一度覚悟して心に決めた秋田での人生ももちろん気持を過ぎりましたが、「これでよかったら(ここが後々またニャンコの人生観を変えてしまったのですが)うちで働いてもらえませんか?」の言葉に、ああまだ社会に相手にしてもらえたんだという嬉しさで「よろしくお願いします」となり、現在そこに務めています。

でも正直収入は前の三分の一以下です。生活費を切り詰めても手元に残るお金はだいぶ少ない額しかありません。
それで、仲間や友人との交際費はけっこう厳しく圧し掛かってきました。

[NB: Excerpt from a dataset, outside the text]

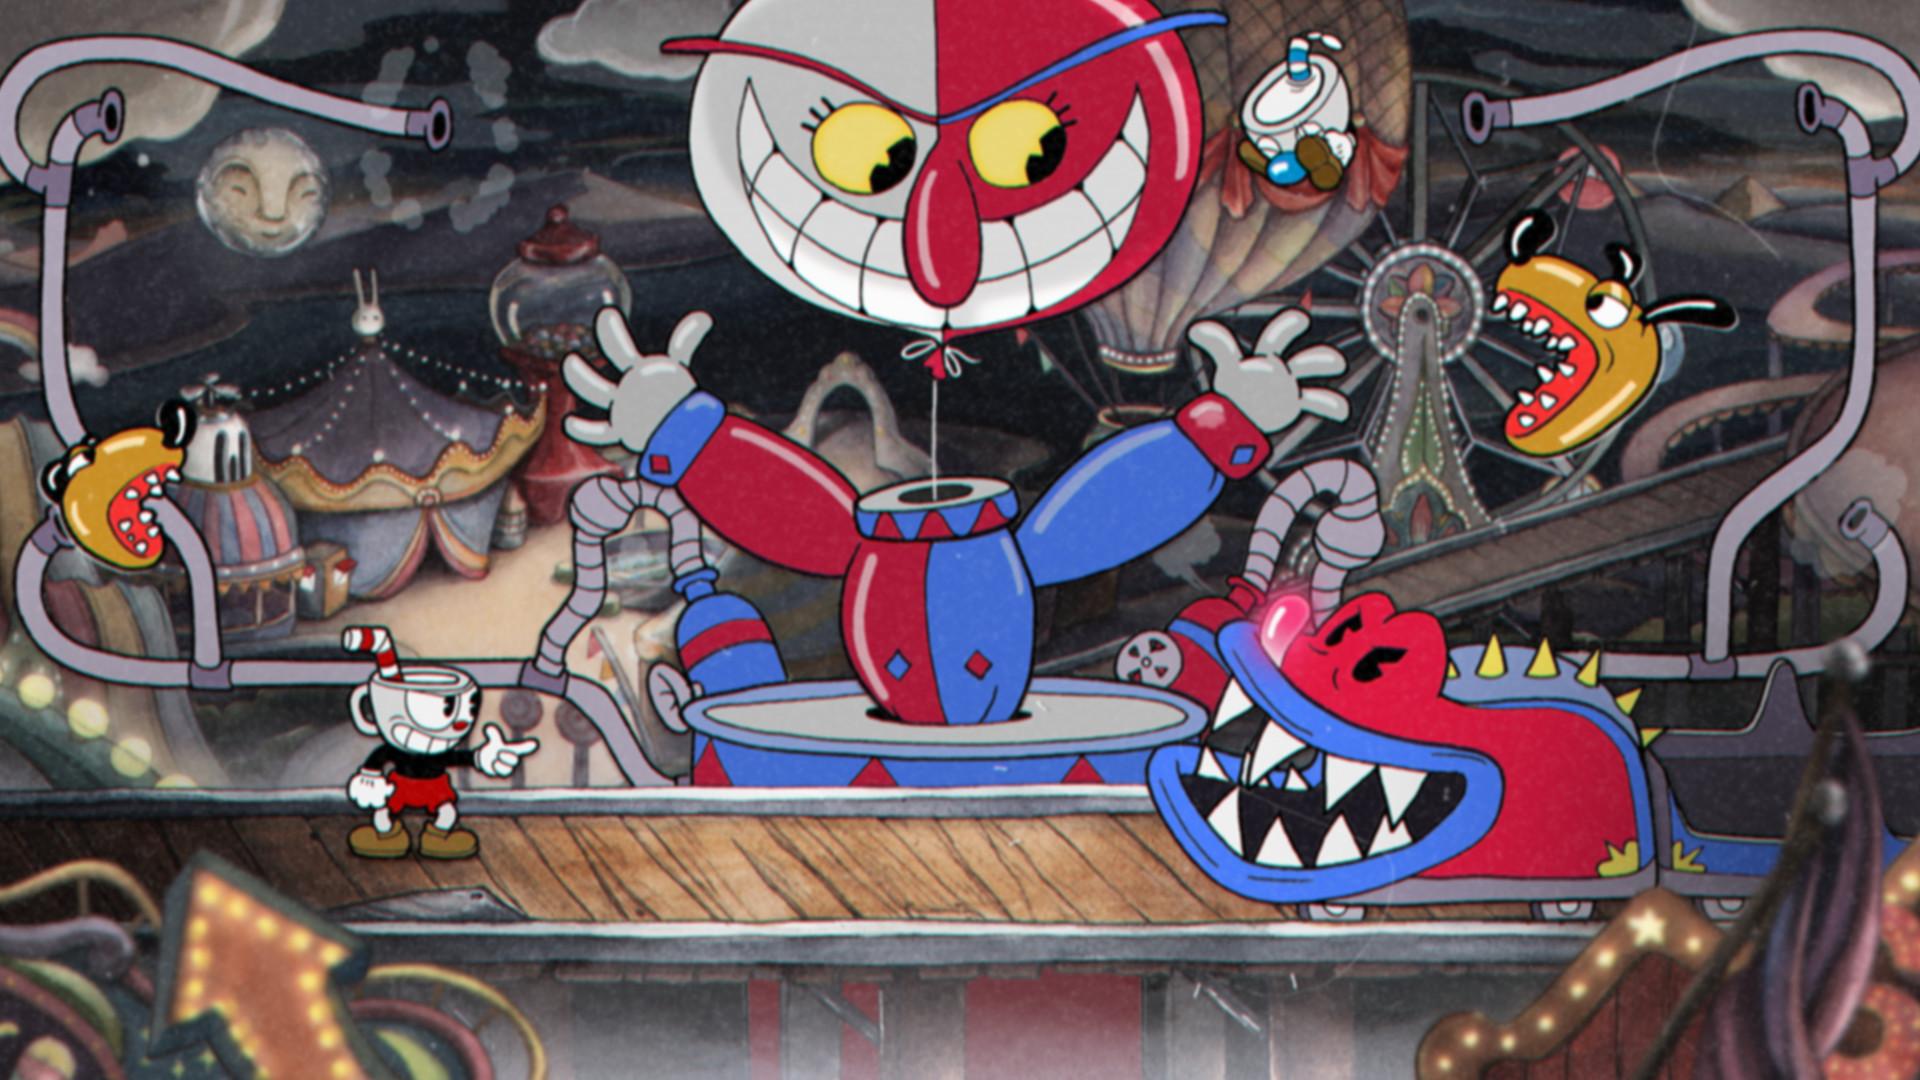 Cuphead - balloon boss with alligator-like enemy

やっぱり回数を少なくするしかありませんね。予算の決まっていない飲み会は参加できないですし。
で、はっと気付きました。
ニャンコが昔気軽に飲み会や外食に誘った人たちの中にもきっとそういう人たちがいたんだろうなって。さあ2次会だ3次会だと調子にのって誘っても、行けない仲間もいたんだろうなって。付き合い悪いなといわれても金が無いとは言えずにまたなって帰って行って、その後来なくなった仲間もいたし。

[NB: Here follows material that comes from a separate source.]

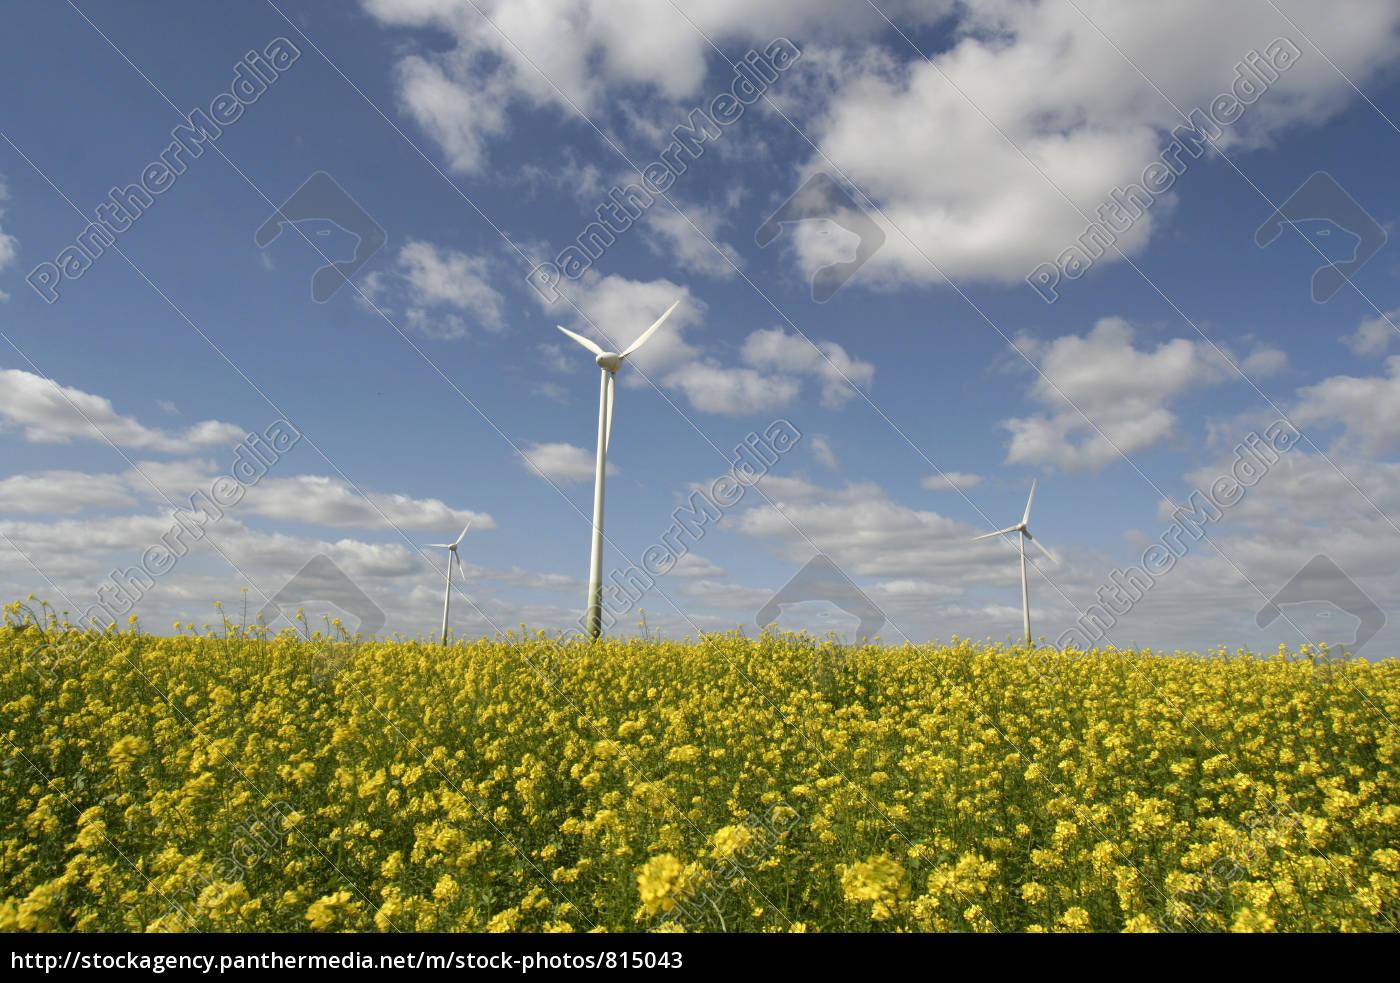 canola, field, with, wind, turbine - 815043

そこそこお金に不自由してない人は、それに合わせて付き合うために駈足で付いてくる人の足元なんか見えないんだと初めて気が付いたニャンコでした。
なんと平和呆けしていたんだろうと脳天気さに唖然…。

若い時なら何でもありませんが、こういう年代になっての仲間や身内に、お金が無いからなんて言えないですもんね。何より自分が惨めでしょう。察してあげる事の出来なかった自分の未熟さを痛感した次第です。

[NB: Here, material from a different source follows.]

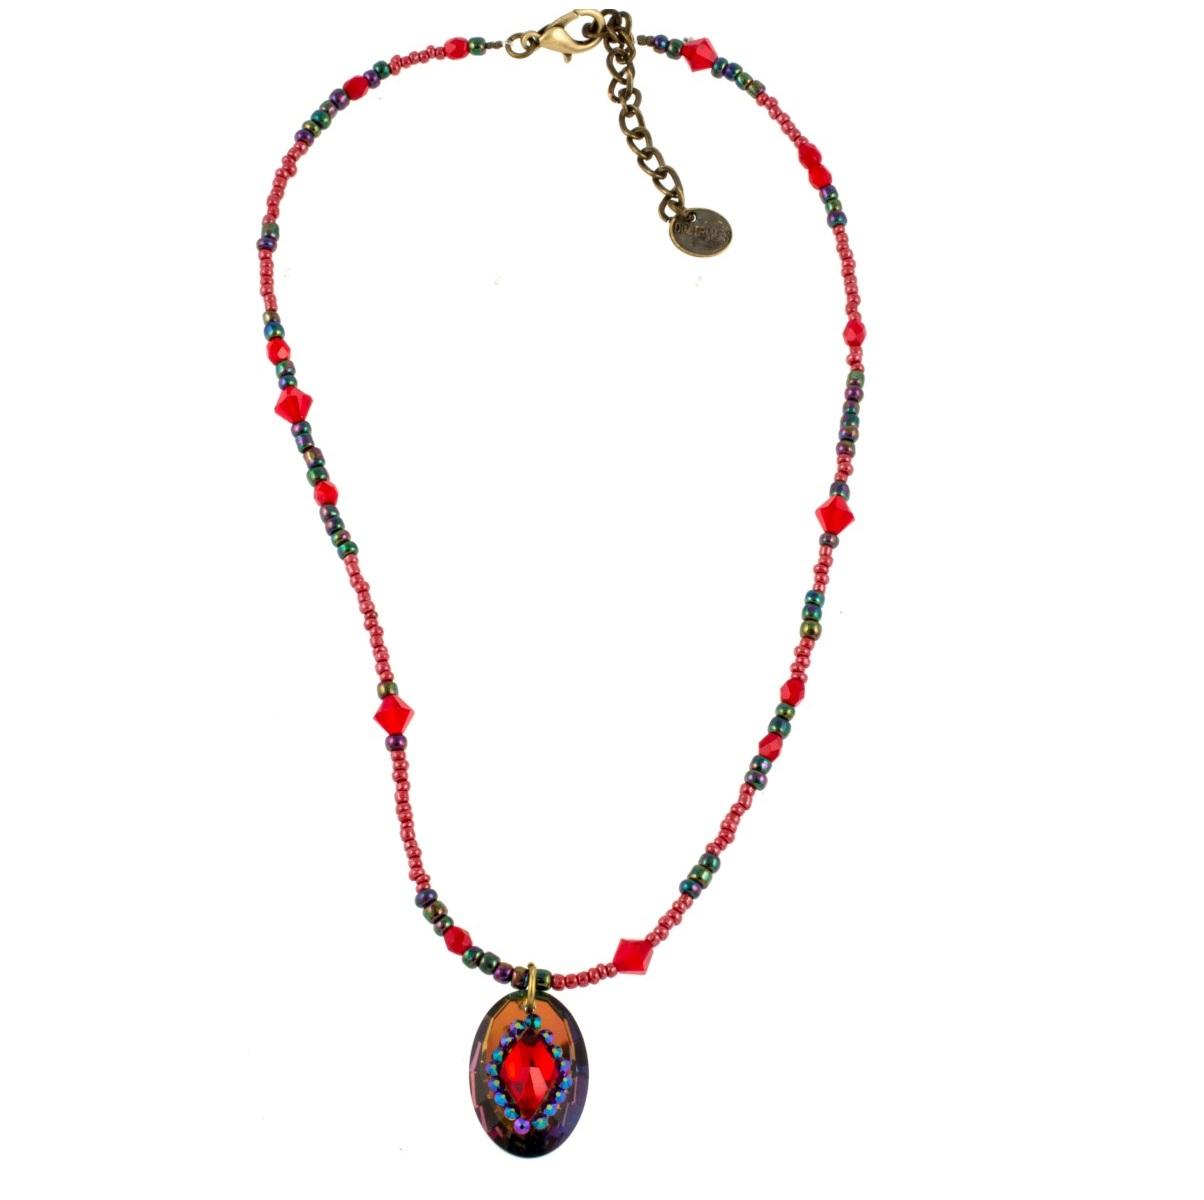 ARTWEAR DIMITRIADIS - Γυναικείο κολιέ ARTWEAR DIMITRIADIS με πολύχρωμες χάντρες  γυναικεία αξεσουάρ κοσμήματα κολιέ

ニャンコもプライベートでは自分の状況を知っている友人とだけ飲んでますが、そんな友人ですら時にはニャンコはセコイと洩らす事もあるようです。
彼と、もうひとりの同郷の友人はニャンコが求職が上手くいかない時も精神的にささえてくれましたし、そのもうひとりの友人は他の仲間の手前恥をかかないようにと経済的にも影で支えてくれもしました。
そんな友人でも、立替を頼まれた物の金額を言ってお金を受け取ったらセコイと言われてしまいました。大した金額ではなかったのにしっかり受け取ったって。
そんな気をまわす余裕は今のニャンコにはありませんでした。最初から立替ではなく買っといてと言われないと、余裕の無いニャンコは「ああ、ニャンコの懐状態を気にして、これはこれでちゃんと払うつもりなんだな」と理解してしまいます。以前のニャンコなら、最初から「お金はいいよ買っておくから」と言えたでしょうけれど。
「いつも世話になってるからこのくらいいいよ」という言葉がさっと出て来ないニャンコは、やっぱり普通の生活をしてる人から見ればセコイと言われるのだと認識しました。

無ければ無いように生活すればいいかなと思っていましたが、どうやらそれは自分だけの勝手な思い込みで、それまでの友人達には通用しないという事も身に染みたニャンコです。
自分の生活環境が変わったら、それなりに分相応な生き方を見つけなくてはいけないのですね。